CRD in Poultry does not normally cause an alarming number of deaths. The effect is more of a chronic nature causing reduced weight gain and higher feed conversion ratios in broilers and lower egg production in breeders and layers. In this way the overall economic losses can be very high.
Treatment of CRD in Poultry :
- Disinfect the farm and equipments with right disinfectant i.e. Viraclean
- Ciprocolen is the best and time tasted medicine for CRD in Poultry
- Chicks arrived from known infected parent flocks should be treated with a suitable Ciprocolen during the first 48 hours after placement and then subsequently at 20 - 24 days for 24 to 48 hours period.
- Efforts should be made to reduce dust and secondary infections. Improve the ventiliation for having good results of medicine.
- All poultry drinking water should be treated with Aquacure .
Prevention of CRD in Poultry :
- Establishment of Mycoplasma free breeding flocks.
- Before purchasing chicks from a hatchery, it should be confirmed that they are free from CRD.

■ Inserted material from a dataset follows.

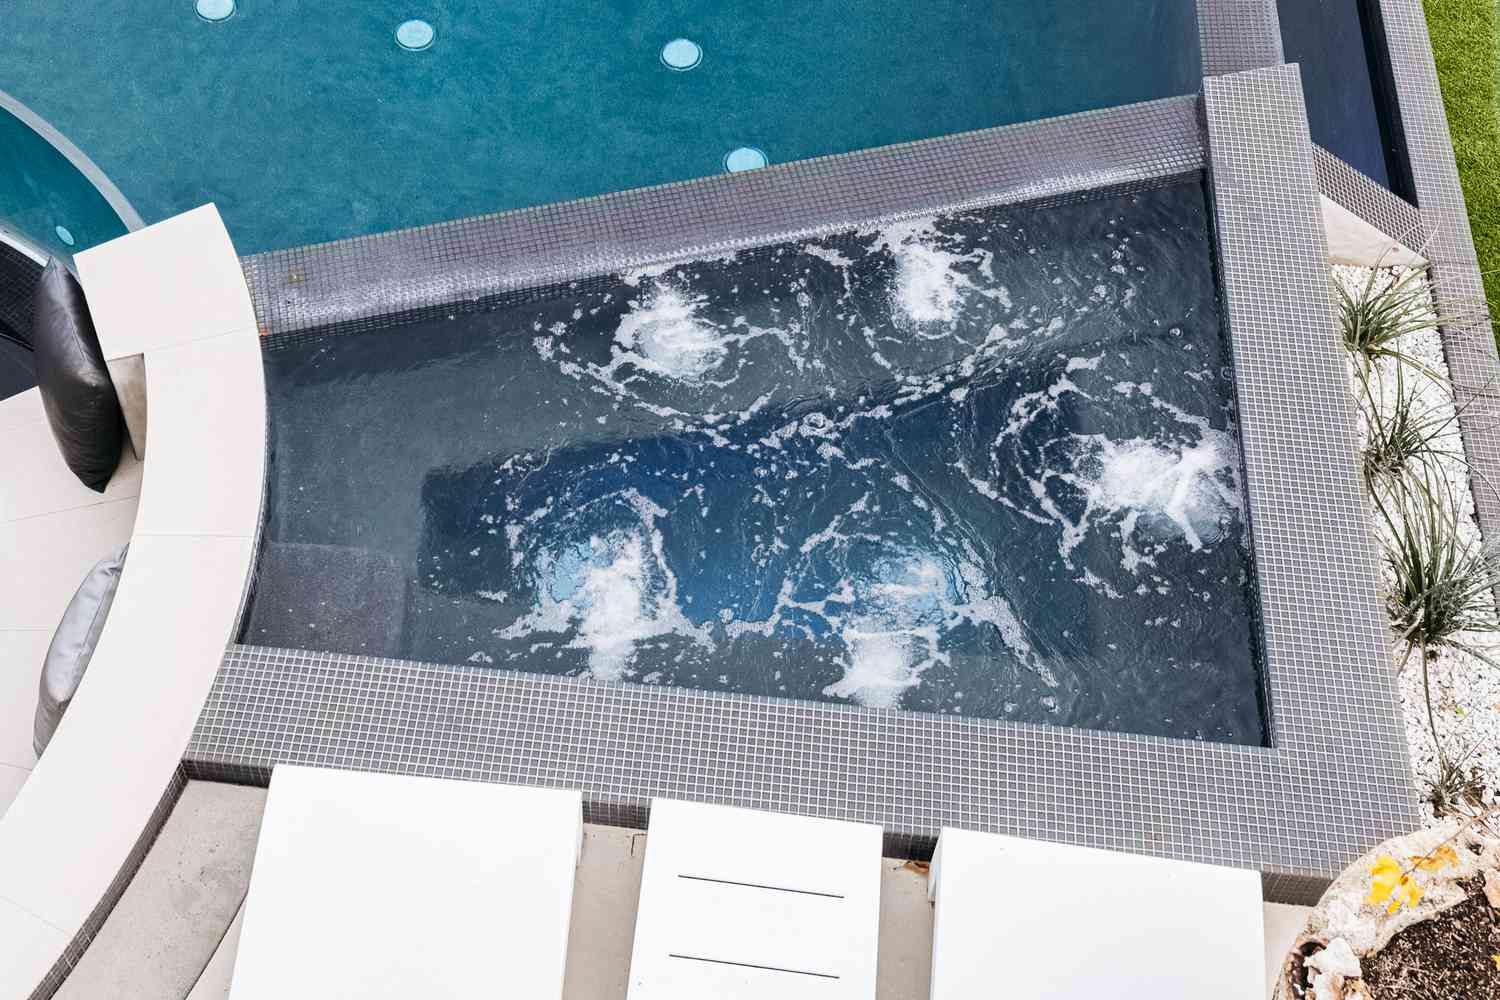 Banheira de hidromassagem moderna ao lado de cadeiras reclináveis brancas e piscina
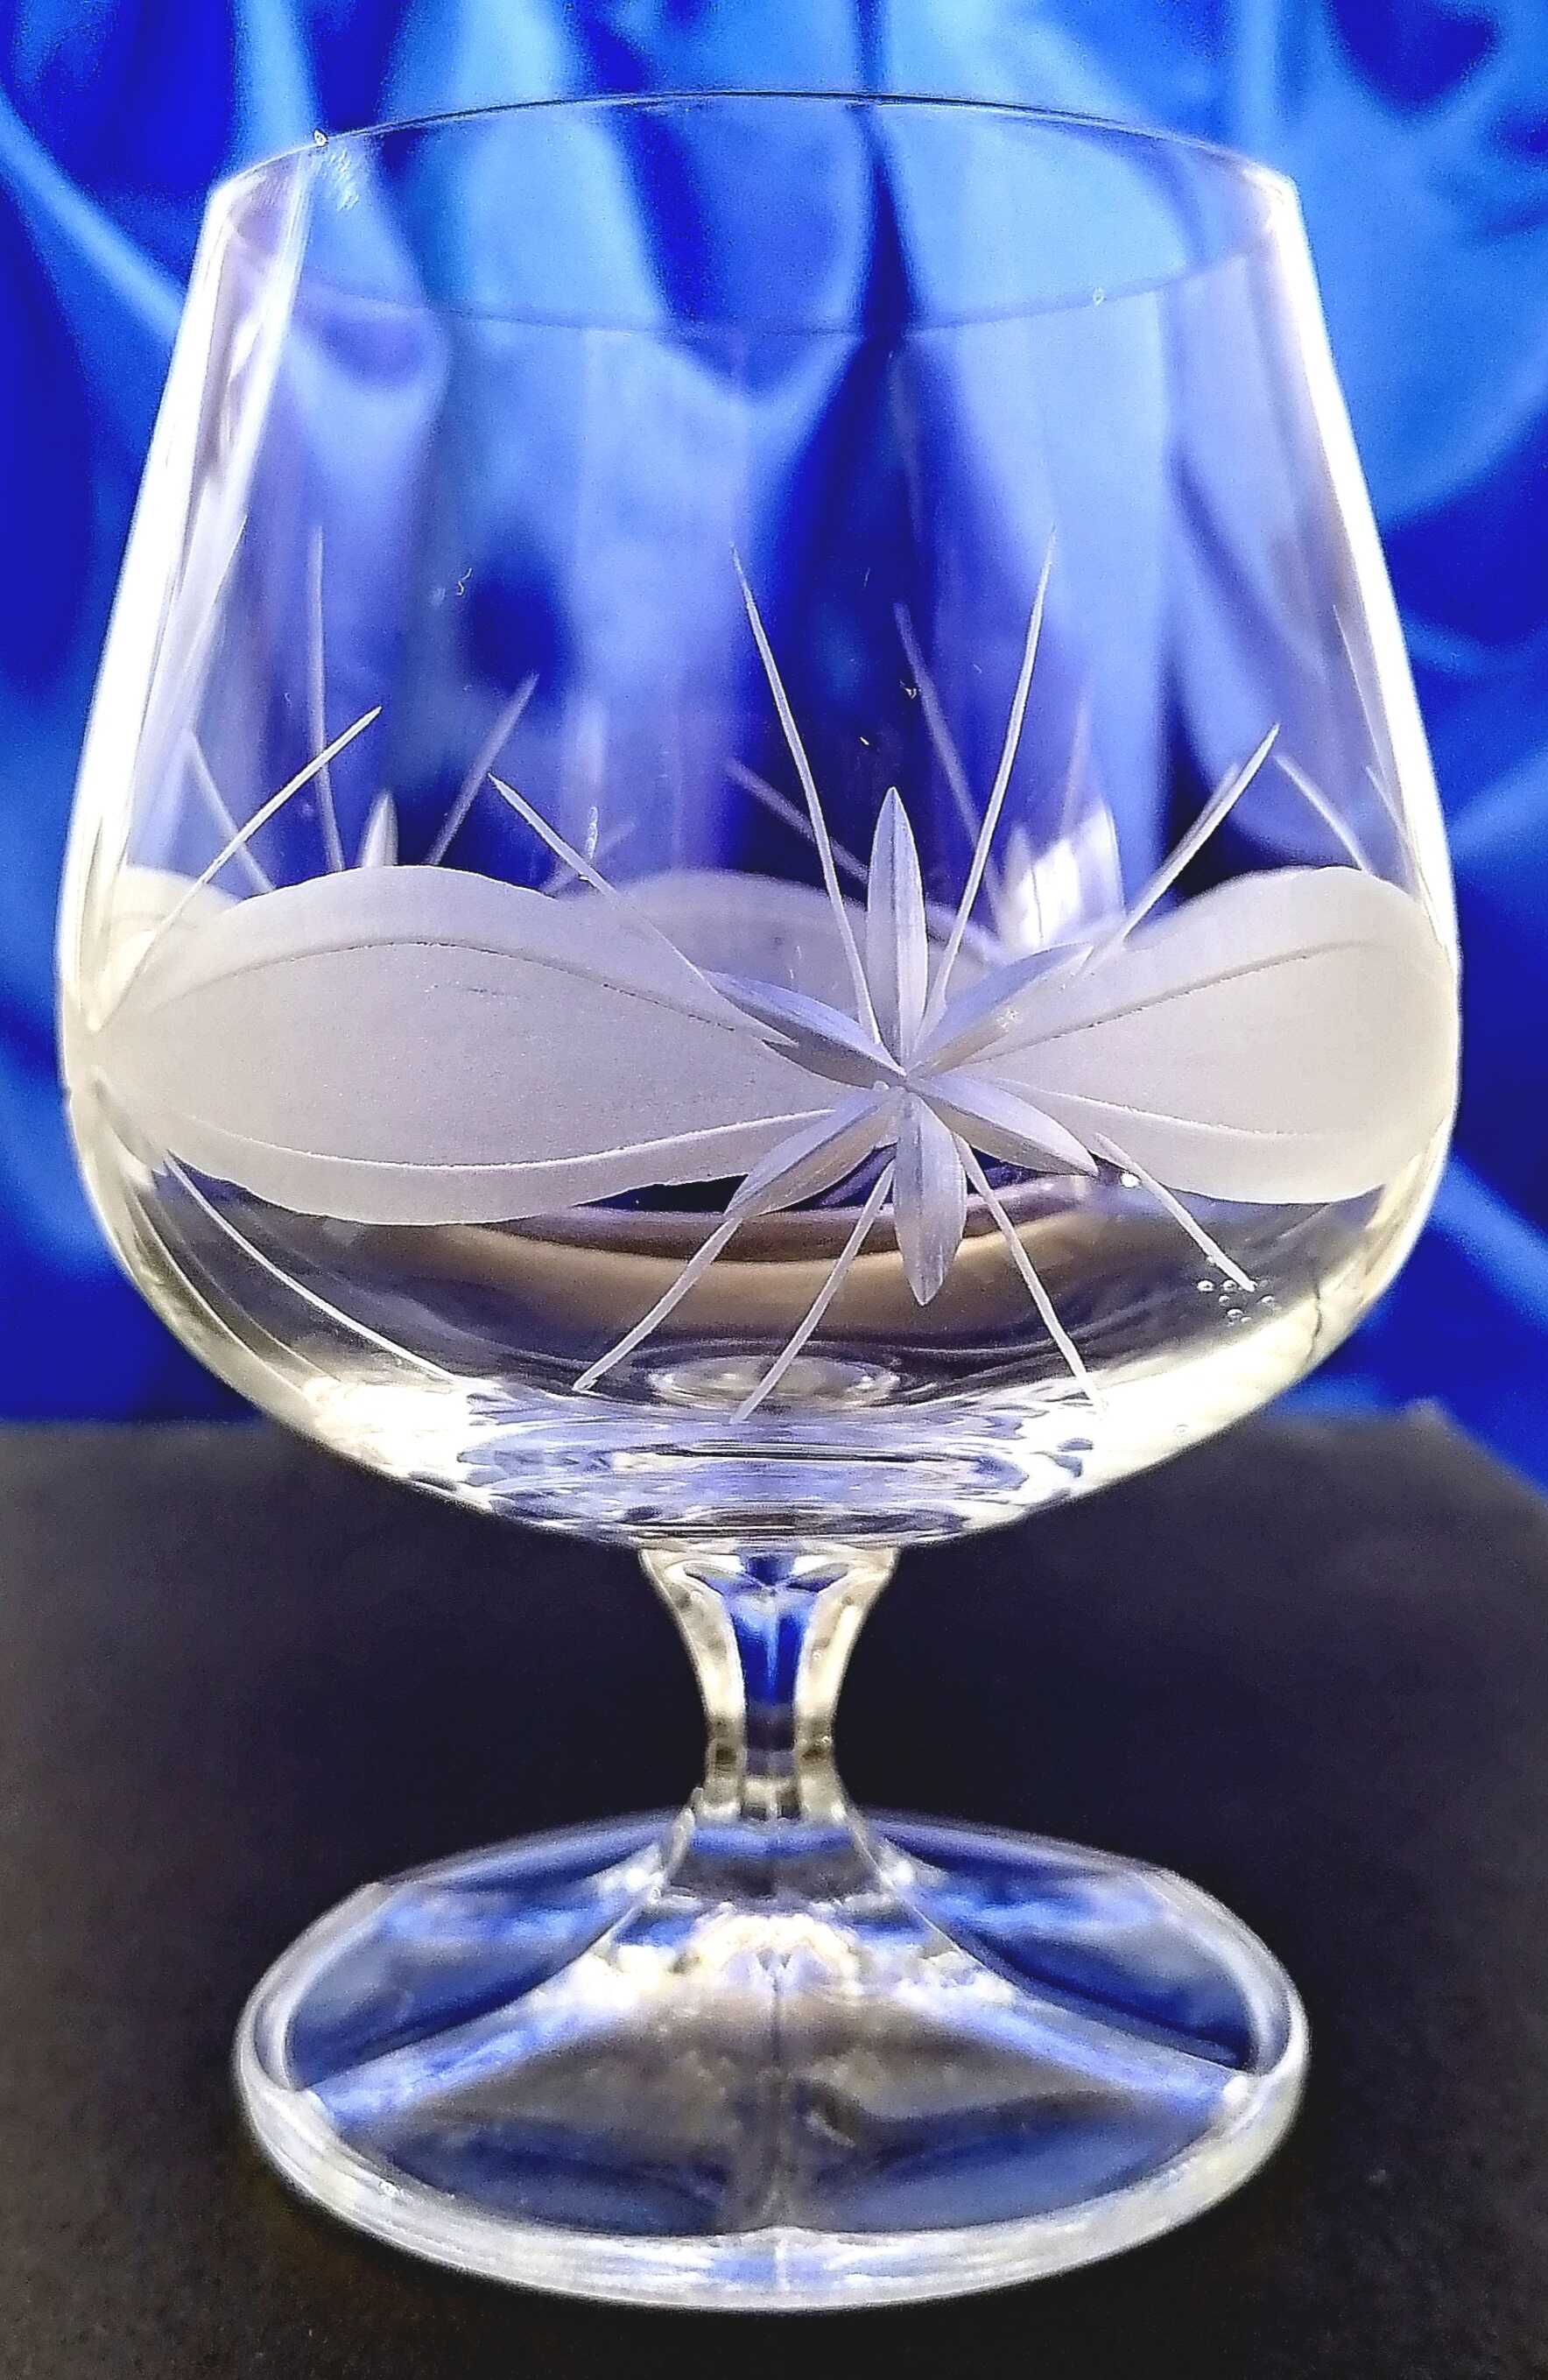 LsG-Crystal sklenice Skleničky na koňak ručně broušené dekor Kanta dárkové balení satén Christine-199 250 ml 6 Ks.

- Chicks should be raised at the place where there is no approach of infected birds.
- Complete fencing of the breeding farms and sufficient isolation of prevent airborne infections from infected flocks.
- Disposing of dead birds by incineration, deep burial or by means of special disposal pits.
- Using vaccines that are free from contamination of Mycoplasma gallisepticum.
- Construction of the houses must be done in such a way that prohibit the entrance of any type of wild birds and wandering animals.
- Prohibition of visitors in the farm.
- Before coming in contact with flocks, workmen should take shower and put on special clothes.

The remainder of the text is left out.